• [Work instruction]:
Beginning with the first line of the material, set down each line exactly as written, up to and including the line with "山田朱織枕研究所 整形外科枕ライトの商品画像5".

• [Provided data]:
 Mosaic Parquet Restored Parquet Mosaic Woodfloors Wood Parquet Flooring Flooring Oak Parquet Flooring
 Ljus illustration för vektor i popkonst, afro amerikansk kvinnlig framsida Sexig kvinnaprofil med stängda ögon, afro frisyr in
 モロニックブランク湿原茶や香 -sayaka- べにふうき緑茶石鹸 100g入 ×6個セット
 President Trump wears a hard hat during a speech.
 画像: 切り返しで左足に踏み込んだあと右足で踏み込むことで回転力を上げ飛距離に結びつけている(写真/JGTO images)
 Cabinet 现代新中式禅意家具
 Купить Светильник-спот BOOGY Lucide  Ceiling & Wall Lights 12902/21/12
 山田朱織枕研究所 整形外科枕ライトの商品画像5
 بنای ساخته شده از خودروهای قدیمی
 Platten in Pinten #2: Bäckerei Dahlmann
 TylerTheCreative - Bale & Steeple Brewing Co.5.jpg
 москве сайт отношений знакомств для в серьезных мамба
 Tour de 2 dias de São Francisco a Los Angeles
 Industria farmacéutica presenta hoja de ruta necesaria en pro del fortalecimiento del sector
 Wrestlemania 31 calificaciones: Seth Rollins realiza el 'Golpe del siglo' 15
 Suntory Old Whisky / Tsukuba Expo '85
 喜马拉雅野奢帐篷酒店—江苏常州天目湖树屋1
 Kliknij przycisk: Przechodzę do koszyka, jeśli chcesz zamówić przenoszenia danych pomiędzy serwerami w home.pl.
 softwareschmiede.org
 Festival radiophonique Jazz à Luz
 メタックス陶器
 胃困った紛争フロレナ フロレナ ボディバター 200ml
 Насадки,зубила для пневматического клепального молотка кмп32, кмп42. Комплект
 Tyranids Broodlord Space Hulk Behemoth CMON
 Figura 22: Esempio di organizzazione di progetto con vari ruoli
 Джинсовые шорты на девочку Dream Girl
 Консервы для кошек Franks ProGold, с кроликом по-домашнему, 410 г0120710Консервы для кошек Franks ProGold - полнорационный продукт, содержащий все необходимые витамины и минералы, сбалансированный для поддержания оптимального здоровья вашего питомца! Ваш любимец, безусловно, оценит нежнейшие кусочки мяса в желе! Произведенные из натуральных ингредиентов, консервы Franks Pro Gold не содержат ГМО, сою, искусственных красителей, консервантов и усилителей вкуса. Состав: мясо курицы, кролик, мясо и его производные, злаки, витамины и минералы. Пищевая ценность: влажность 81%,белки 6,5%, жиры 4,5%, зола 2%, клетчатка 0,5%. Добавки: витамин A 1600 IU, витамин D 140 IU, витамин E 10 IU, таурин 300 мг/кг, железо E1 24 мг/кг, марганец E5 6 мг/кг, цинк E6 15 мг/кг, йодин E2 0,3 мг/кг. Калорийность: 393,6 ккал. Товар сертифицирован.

• [Solution to the problem]:
 Mosaic Parquet Restored Parquet Mosaic Woodfloors Wood Parquet Flooring Flooring Oak Parquet Flooring
 Ljus illustration för vektor i popkonst, afro amerikansk kvinnlig framsida Sexig kvinnaprofil med stängda ögon, afro frisyr in
 モロニックブランク湿原茶や香 -sayaka- べにふうき緑茶石鹸 100g入 ×6個セット
 President Trump wears a hard hat during a speech.
 画像: 切り返しで左足に踏み込んだあと右足で踏み込むことで回転力を上げ飛距離に結びつけている(写真/JGTO images)
 Cabinet 现代新中式禅意家具
 Купить Светильник-спот BOOGY Lucide  Ceiling & Wall Lights 12902/21/12
 山田朱織枕研究所 整形外科枕ライトの商品画像5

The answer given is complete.